The record contains a great deal of testimony by members of the Mary Ellsworth family, on the basis of which the argument is made that a fiduciary relation existed between Jesse and Alice Colman. However, it sheds little light on this question. By their own statements, she rarely discussed business matters with them. They accompanied her when she visited the farm, about two or three times a year, but she and Jesse never talked business then. Jesse came to see her two or three times a year and they discussed farm problems privately. Two witnesses testified they thought Jesse managed the farm, but when asked in what respect his position differed from that of any other tenant, they were unable to answer, except that one of them said Alice did not require him to do things her way and never criticised what he was doing.
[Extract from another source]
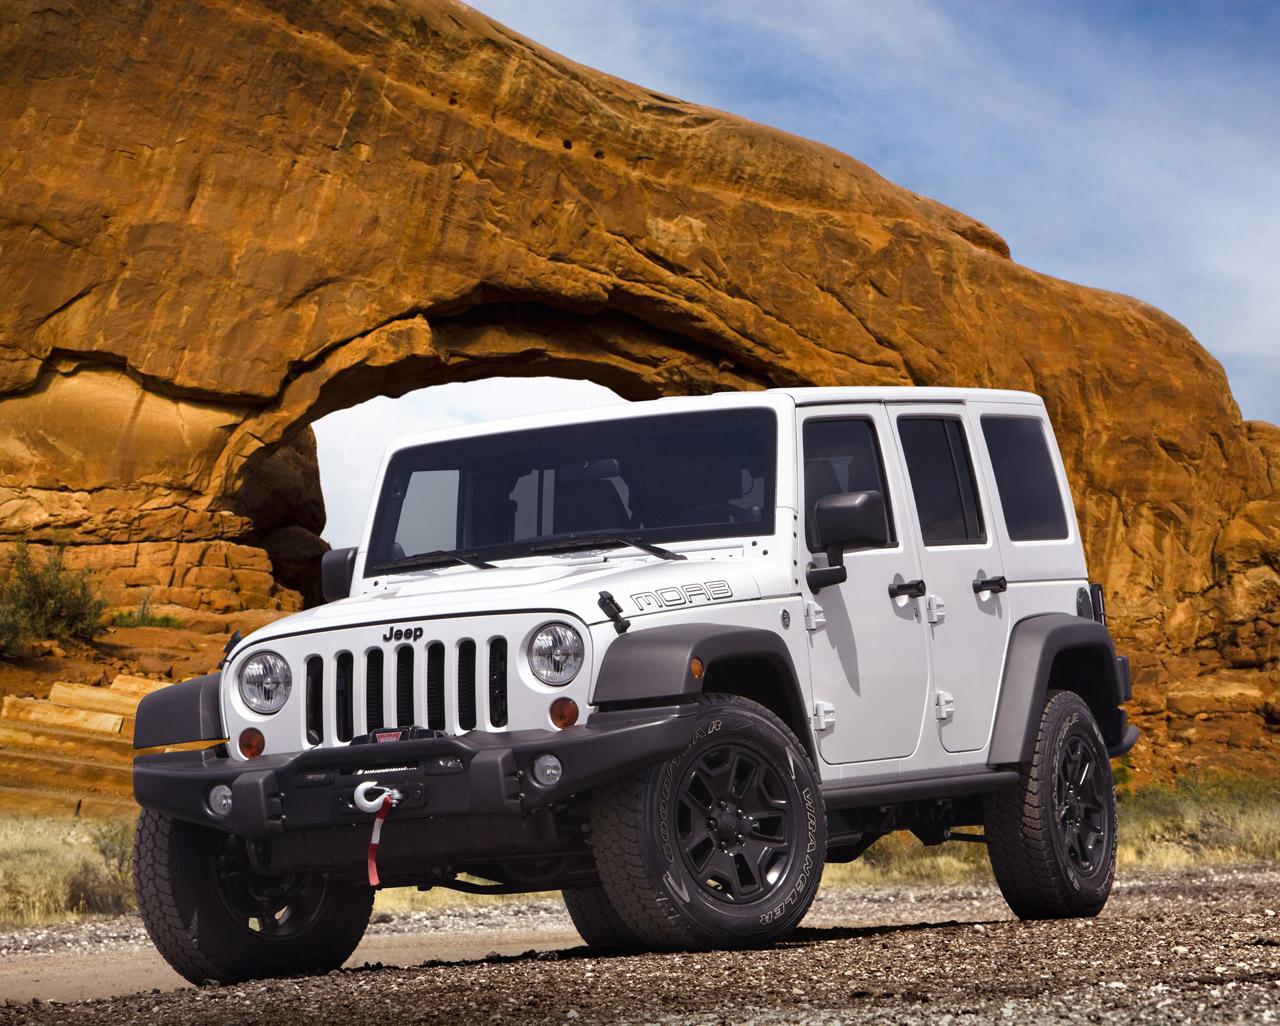 jeep wrangler moab special edition unveiled autoevolution. Black Bedroom Furniture Sets. Home Design Ideas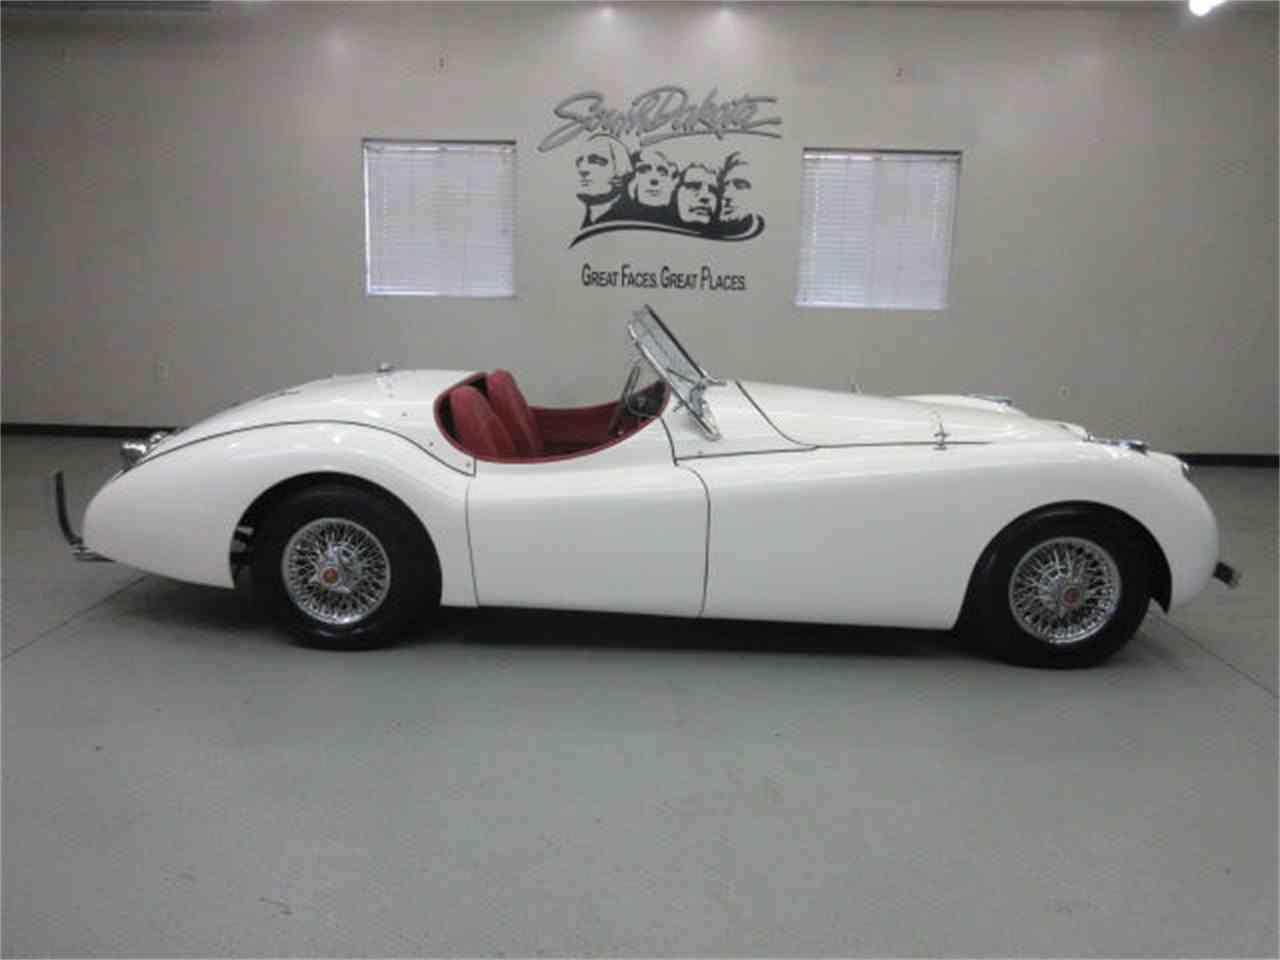 cars classifieds motor xk hemmings news sale dhc jaguar for se

There is no evidence that Jesse ever transacted any business with or for her other than that connected with the farm.

Louella Hollenbeck, daughter of Mary Ellsworth, testified she asked Alice Colman why she signed the deed, and Alice replied it did not mean anything; that she “had no interest in it anyway.” On the other hand, Jesse Colman, his sister and her daughter, testified as to conversations in which Alice said she owned half the farm and she intended Jesse should have it.

This brings us to the question of whether the existence of a fiduciary relation between Jesse and Alice Colman was proved. In Wharton v. Meyers, 371 Ill. 546, we held the mere fact that the grantee is a tenant of the grantor does not establish a fiduciary relation or place the tenant in a superior position: Nor is such a relationship shown by the fact the grantee is a foster-child of the grantor. (White v. Smith, 338 Ill. 23; Sears v.